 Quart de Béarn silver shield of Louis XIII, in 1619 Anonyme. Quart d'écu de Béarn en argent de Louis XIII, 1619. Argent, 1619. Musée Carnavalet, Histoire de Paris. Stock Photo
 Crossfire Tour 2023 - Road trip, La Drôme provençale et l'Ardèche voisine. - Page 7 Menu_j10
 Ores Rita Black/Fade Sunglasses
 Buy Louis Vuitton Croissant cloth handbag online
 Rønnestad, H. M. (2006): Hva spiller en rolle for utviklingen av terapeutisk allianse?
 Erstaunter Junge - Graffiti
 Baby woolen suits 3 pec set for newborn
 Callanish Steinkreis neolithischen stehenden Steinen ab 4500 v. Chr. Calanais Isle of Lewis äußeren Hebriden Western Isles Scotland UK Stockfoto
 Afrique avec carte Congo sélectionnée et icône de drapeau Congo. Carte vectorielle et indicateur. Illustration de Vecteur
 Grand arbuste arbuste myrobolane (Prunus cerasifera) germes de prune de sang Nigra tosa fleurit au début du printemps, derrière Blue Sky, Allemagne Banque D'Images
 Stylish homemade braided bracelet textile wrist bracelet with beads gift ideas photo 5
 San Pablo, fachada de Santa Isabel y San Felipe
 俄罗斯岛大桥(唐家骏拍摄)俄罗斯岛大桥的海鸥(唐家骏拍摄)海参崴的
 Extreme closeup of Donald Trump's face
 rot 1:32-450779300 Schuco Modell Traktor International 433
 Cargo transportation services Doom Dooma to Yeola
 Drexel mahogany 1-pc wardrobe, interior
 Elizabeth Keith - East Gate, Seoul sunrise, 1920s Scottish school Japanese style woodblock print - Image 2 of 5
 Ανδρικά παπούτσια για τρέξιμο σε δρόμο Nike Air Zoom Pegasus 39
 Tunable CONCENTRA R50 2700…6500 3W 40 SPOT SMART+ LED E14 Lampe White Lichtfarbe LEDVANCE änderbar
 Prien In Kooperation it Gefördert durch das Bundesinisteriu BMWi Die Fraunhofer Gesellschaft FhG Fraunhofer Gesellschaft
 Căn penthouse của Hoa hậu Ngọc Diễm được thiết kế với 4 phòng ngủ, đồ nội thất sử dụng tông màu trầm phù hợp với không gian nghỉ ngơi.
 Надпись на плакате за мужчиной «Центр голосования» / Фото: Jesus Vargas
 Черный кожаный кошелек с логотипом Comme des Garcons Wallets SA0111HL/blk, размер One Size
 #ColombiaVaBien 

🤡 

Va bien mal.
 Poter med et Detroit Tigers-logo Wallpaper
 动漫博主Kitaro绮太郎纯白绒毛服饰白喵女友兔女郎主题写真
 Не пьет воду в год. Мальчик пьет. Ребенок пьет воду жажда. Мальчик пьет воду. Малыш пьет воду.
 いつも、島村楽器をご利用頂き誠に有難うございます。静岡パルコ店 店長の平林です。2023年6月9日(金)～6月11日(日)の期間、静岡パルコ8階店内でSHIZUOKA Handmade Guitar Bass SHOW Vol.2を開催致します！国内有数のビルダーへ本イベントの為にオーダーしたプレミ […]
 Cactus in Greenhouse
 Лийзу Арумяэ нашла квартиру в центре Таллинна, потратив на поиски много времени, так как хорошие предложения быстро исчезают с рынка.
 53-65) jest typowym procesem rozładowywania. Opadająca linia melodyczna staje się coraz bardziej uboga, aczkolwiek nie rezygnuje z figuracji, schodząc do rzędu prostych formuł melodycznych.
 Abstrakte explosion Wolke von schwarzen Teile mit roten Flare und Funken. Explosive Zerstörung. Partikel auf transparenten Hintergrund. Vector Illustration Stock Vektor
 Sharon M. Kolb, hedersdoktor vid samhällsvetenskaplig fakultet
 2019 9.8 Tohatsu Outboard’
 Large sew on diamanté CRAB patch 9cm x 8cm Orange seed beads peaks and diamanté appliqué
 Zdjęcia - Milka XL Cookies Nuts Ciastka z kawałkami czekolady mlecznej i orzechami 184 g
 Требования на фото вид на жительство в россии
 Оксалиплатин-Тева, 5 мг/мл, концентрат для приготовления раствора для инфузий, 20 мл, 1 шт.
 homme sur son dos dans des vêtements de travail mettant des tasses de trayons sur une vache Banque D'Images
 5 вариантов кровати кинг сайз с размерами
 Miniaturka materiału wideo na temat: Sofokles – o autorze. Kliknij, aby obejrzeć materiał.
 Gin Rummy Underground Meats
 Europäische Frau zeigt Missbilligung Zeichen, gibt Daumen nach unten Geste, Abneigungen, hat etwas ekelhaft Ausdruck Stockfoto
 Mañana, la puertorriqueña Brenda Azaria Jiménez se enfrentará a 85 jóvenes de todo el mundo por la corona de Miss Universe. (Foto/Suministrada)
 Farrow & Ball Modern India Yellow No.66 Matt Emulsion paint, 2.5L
========================================================================
PROBLEM DESCRIPTION: Retype only this portion of the data above: the line containing "Elizabeth Keith - East", the line containing "Va bien mal.", and all lines between them, exactly.

TASK RESPONSE:
 Elizabeth Keith - East Gate, Seoul sunrise, 1920s Scottish school Japanese style woodblock print - Image 2 of 5
 Ανδρικά παπούτσια για τρέξιμο σε δρόμο Nike Air Zoom Pegasus 39
 Tunable CONCENTRA R50 2700…6500 3W 40 SPOT SMART+ LED E14 Lampe White Lichtfarbe LEDVANCE änderbar
 Prien In Kooperation it Gefördert durch das Bundesinisteriu BMWi Die Fraunhofer Gesellschaft FhG Fraunhofer Gesellschaft
 Căn penthouse của Hoa hậu Ngọc Diễm được thiết kế với 4 phòng ngủ, đồ nội thất sử dụng tông màu trầm phù hợp với không gian nghỉ ngơi.
 Надпись на плакате за мужчиной «Центр голосования» / Фото: Jesus Vargas
 Черный кожаный кошелек с логотипом Comme des Garcons Wallets SA0111HL/blk, размер One Size
 #ColombiaVaBien 

🤡 

Va bien mal.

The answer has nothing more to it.